## YOUR GOAL
Give again, word for word, every line below from the one that has "Black Canyon Wilderness Area Map" through the one that has "The Addams Family - Rotten Tomatoes", both included, and no others.

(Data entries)
=== Section Start ===

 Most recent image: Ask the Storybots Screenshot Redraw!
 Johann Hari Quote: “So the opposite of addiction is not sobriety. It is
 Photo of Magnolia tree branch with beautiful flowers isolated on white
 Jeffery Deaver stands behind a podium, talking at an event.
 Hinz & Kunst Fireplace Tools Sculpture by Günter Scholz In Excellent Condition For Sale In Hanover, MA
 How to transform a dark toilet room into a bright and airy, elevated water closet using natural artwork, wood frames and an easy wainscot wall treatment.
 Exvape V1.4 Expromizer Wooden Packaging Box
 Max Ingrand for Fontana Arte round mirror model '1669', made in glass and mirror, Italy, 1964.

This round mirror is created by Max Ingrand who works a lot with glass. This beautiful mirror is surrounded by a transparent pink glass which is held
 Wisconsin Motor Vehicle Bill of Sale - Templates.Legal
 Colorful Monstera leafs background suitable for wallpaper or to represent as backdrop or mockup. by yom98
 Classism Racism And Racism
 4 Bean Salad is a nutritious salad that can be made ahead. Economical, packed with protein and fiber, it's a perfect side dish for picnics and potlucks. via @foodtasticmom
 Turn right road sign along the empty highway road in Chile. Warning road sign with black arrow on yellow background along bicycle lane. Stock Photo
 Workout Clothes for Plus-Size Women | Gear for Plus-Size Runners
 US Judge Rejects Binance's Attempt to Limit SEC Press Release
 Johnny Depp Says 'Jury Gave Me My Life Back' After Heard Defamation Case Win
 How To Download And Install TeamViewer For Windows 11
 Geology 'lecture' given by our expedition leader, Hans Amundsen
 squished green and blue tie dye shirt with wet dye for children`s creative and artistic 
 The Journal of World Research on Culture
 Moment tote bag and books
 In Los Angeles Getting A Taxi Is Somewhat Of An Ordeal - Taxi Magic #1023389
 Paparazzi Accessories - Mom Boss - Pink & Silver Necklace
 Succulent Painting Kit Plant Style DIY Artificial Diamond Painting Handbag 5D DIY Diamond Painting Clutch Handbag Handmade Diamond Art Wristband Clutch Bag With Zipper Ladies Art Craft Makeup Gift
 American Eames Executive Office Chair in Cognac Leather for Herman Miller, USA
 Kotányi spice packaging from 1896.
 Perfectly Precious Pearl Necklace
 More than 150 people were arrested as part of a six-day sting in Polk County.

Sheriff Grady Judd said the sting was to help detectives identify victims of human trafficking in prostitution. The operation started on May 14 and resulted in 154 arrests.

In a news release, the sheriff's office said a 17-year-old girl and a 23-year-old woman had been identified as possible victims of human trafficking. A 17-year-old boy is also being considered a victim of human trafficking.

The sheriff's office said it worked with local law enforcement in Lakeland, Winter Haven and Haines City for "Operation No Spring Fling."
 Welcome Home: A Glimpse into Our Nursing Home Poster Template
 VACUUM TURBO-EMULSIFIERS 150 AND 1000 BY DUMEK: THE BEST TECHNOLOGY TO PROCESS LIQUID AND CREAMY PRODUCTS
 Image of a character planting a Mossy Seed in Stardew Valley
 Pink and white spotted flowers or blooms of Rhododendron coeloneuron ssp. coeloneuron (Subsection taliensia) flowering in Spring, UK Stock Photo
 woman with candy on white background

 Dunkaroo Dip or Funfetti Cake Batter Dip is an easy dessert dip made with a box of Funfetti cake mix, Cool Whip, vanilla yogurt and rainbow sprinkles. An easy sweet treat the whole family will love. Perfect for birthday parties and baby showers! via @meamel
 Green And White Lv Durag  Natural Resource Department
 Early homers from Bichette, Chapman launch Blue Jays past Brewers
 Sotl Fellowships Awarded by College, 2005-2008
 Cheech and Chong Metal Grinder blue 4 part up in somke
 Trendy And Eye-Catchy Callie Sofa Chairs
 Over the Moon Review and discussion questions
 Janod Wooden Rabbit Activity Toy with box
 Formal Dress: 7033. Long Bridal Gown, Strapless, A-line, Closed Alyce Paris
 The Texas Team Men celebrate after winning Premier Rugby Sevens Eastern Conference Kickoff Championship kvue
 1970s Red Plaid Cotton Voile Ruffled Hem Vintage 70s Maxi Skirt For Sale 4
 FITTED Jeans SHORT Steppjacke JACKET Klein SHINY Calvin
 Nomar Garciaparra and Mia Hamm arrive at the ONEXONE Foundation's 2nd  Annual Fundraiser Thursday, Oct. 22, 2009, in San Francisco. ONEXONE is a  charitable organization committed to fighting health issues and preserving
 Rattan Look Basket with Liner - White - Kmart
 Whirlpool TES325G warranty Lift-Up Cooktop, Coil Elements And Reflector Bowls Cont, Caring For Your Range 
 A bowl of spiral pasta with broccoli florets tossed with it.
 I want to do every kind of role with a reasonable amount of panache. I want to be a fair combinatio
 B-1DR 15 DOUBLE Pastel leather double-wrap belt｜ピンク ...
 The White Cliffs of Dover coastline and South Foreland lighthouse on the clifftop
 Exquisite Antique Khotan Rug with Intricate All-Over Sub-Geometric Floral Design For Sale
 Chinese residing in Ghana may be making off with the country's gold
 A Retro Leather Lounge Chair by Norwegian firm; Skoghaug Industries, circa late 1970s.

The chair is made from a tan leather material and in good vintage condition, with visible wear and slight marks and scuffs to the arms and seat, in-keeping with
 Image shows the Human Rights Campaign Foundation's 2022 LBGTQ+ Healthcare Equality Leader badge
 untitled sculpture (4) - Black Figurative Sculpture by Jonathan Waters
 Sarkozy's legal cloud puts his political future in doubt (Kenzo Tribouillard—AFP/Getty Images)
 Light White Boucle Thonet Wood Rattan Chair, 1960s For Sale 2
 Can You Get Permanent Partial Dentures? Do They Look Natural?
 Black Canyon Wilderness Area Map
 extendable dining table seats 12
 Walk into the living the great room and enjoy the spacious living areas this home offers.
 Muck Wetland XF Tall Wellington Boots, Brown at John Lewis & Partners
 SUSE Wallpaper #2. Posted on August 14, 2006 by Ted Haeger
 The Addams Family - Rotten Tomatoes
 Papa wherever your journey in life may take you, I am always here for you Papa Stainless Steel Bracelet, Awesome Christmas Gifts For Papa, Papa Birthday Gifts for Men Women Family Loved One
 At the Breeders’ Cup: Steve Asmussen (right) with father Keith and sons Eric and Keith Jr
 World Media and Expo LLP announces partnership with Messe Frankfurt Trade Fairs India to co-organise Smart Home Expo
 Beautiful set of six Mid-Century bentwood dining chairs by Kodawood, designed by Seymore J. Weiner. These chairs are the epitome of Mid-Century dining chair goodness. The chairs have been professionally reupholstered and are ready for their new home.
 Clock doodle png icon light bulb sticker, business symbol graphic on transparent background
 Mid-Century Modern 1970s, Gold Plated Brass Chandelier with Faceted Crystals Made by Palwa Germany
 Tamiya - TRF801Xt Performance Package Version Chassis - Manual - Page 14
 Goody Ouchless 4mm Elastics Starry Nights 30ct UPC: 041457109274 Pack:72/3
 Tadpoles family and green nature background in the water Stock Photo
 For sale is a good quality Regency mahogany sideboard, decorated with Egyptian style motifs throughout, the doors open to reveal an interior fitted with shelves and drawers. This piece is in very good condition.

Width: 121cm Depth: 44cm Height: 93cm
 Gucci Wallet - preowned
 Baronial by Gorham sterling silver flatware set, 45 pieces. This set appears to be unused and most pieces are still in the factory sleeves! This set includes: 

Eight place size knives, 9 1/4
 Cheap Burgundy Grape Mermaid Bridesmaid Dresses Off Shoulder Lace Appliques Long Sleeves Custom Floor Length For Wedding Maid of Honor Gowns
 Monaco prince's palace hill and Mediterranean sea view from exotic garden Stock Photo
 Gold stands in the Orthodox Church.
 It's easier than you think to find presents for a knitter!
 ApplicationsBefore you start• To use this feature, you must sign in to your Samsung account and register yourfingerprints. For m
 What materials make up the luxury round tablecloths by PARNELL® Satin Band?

=== Section End ===

## RESPONSE AREA
 Black Canyon Wilderness Area Map
 extendable dining table seats 12
 Walk into the living the great room and enjoy the spacious living areas this home offers.
 Muck Wetland XF Tall Wellington Boots, Brown at John Lewis & Partners
 SUSE Wallpaper #2. Posted on August 14, 2006 by Ted Haeger
 The Addams Family - Rotten Tomatoes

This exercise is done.